Wednesday, January 6, 2010

Alleviate Your Ailing Shoulder


In almost any sport, the shoulder complex will not only play a major importance in success, but also in the longevity of one’s career. With many of the athletes on my team there has been a common theme in both posture and specific stiffness accompanied by antagonistic weakness. This has been brought on by posture, previous training modalities, and lack of soft tissue/flexibility work.

The solution is often easy, but getting them to do it on a regular basis and on their own time is a challenge for some athletes. This requires there program to often include flexibility and specific strengthening work paired with various movements throughout the workout in order to aid in correcting many issues.

The following is one of the more common things I see with athletes having shoulder issues. Pictured here is a defensive end who has had shoulder issues trailing back from spring football.

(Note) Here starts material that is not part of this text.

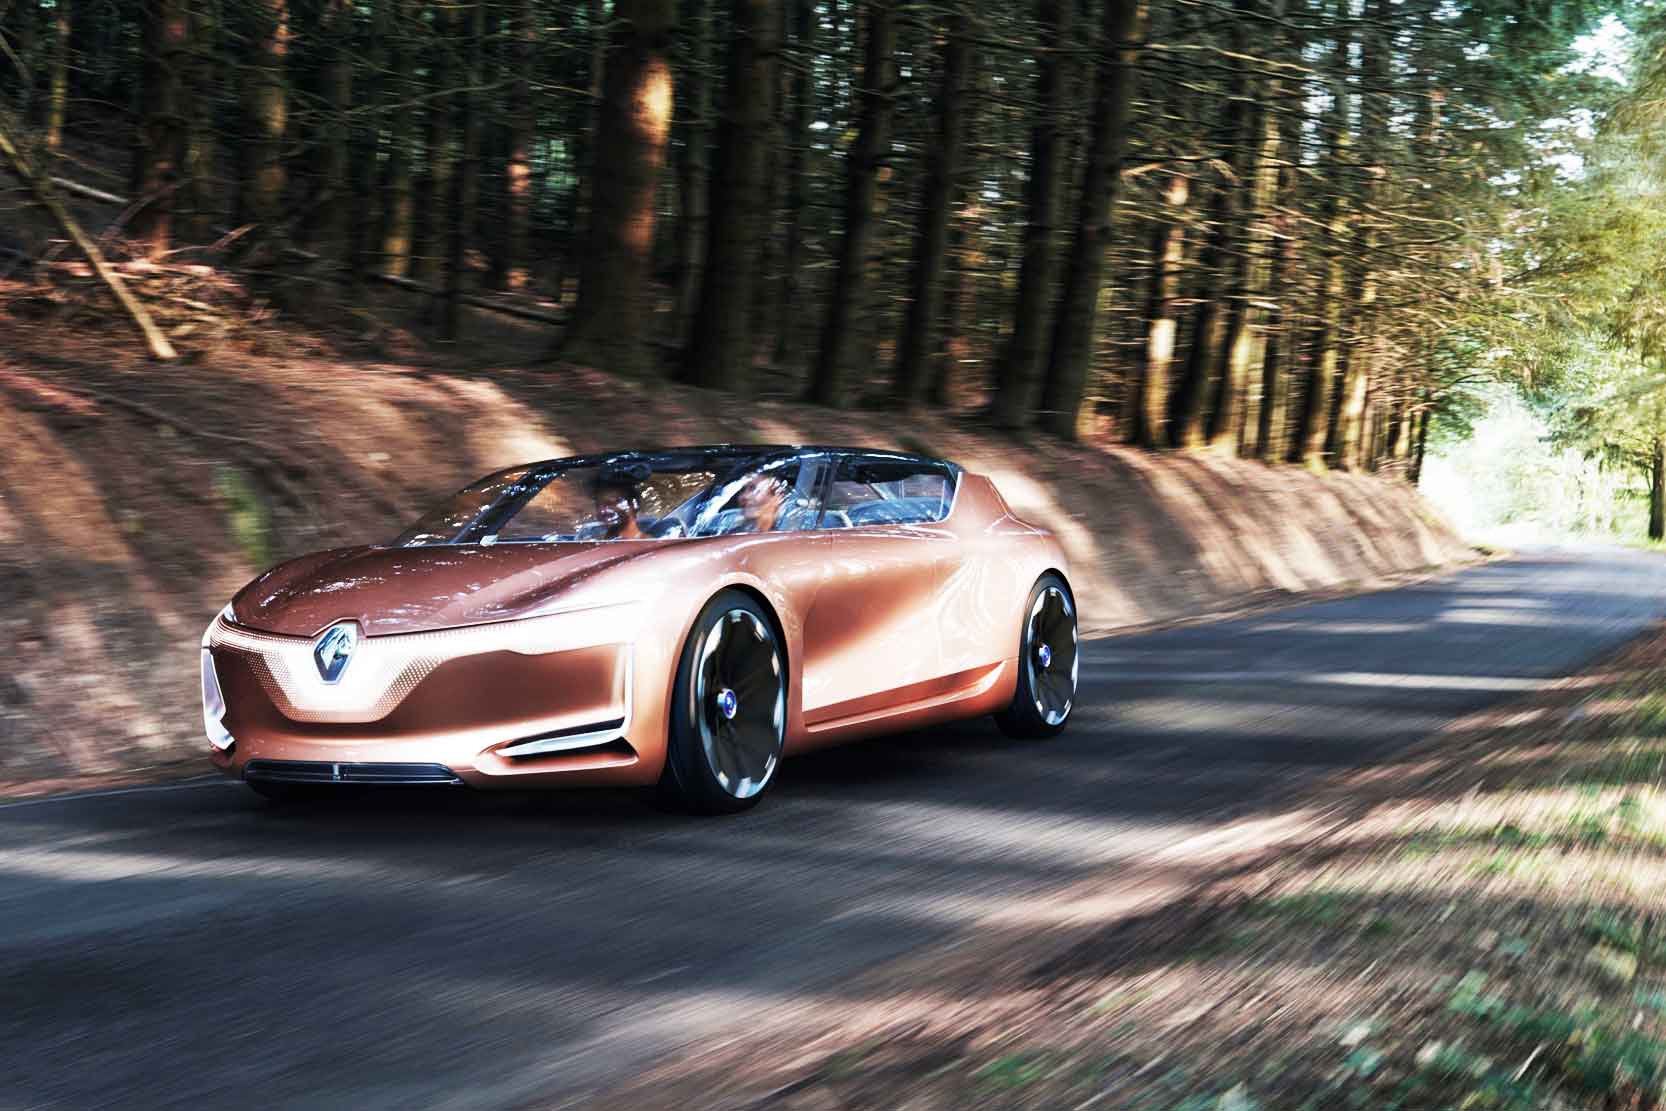 Image principale de l'actu: Renault symbioz le design et l architecture

By the picture it is clear that there is anterior stiffness/shortness. His pectoralis minor tested short during evaluation. When speaking of this issue on scapular kinematics and overall shoulder health this can be very detrimental not only to performance but ability to remain on the field to demonstrate that performance. With this sort of stiffness alterations in upward rotation and posterior tilting of the scapula will be present. This can result in unwarranted humeral translation and impingement issues.

The approach I took with this athlete starts with correcting this issue in the warm up.

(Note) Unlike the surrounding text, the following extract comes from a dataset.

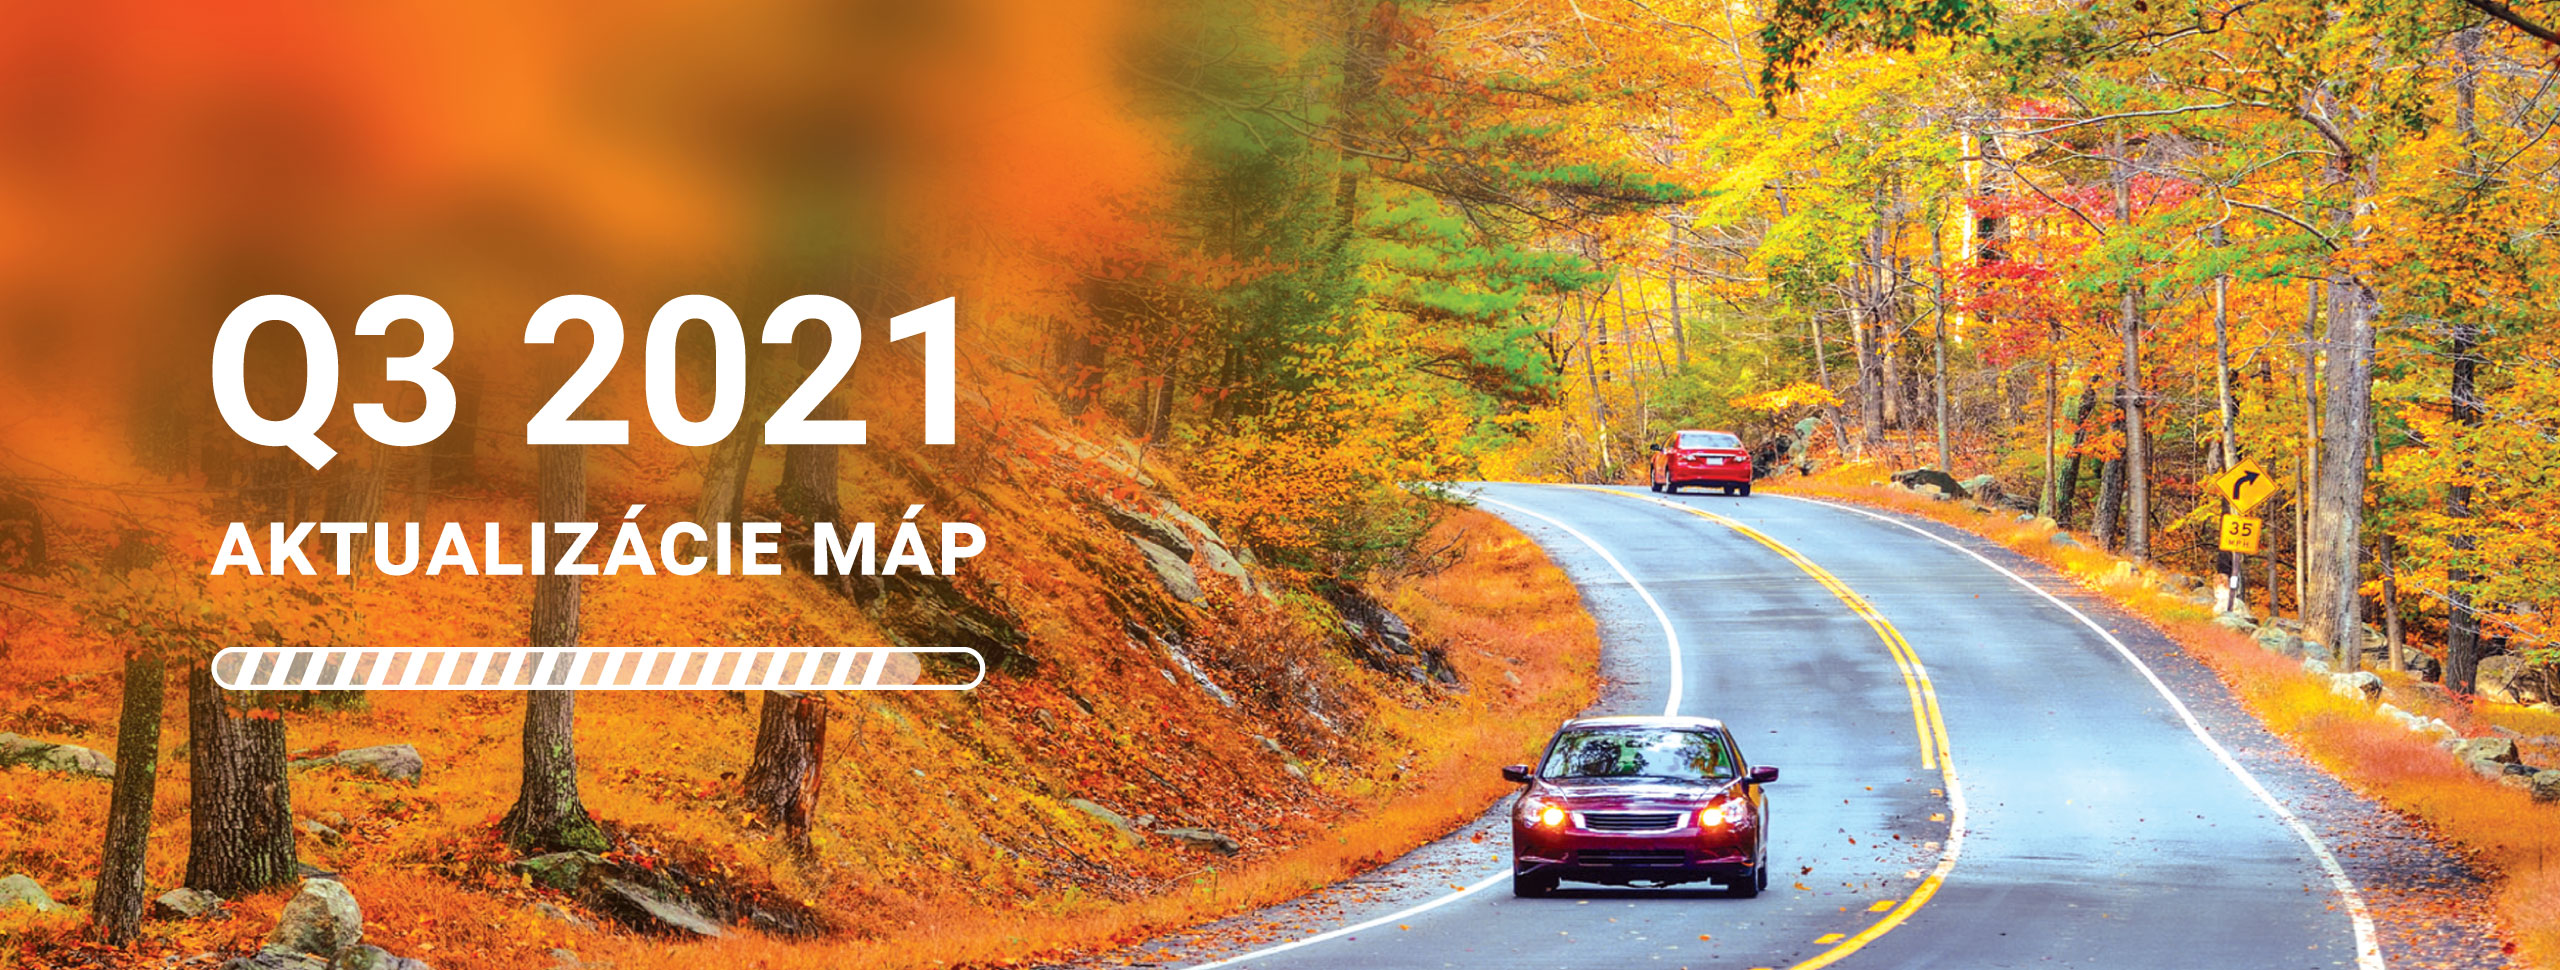 NAVITEL® vydáva aktualizáciu pre všetky mapy - verzia Q3 2021!

Specifically addressing the soft tissue we utilize the lacrosse ball to pin point smaller muscles. This is followed by a basic broomstick stretch to loosen the anterior stiffness thus setting up for great ability to activate the antagonistic muscles with exercises like wall slides for the lower trap.

Another flexibility exercises that can easily be utilized paired during a workout is a basic doorway or rack pec stretch. This can easily fill the gaps during rest periods on lower body days or is easy to do on their own time in a doorway.

Equally important as loosening up the anterior stiffness is strengthening the antagonistic muscles that will allow for the needed movement efficiency of the scapular region.

This is a time where isolation exercises really pay off. By isolating the specific muscle (lower trapezius) and strengthening it, you will be better able to integrate it in more subsequent compound movements. Here is an example if an isolation for lower trap, the prone I, and an integrated one, PNF D2 Flexion. You can also consider many other horizontal and vertical pulls as integration exercises as well. All these will help reinforce scapular stability as well as strengthen the muscles in which the pec minor is opposing.

Finally, addressing the issue at the end of a workout or regeneration portion is where I implement EQI exercises depending if the muscles group needs it. EQIs will add sarcomeres in series which will give you length in a muscle to loosen up that anterior stiffness or shortness.

Of course there are several other things that contribute to shoulder problems especially thoracic rotation/extension. This is of high importance and is of course included in all programs. But, as you can see, the solution is rather simple; it is more about finding a way to smoothly integrate the needed exercises throughout the program that will yield the desired result.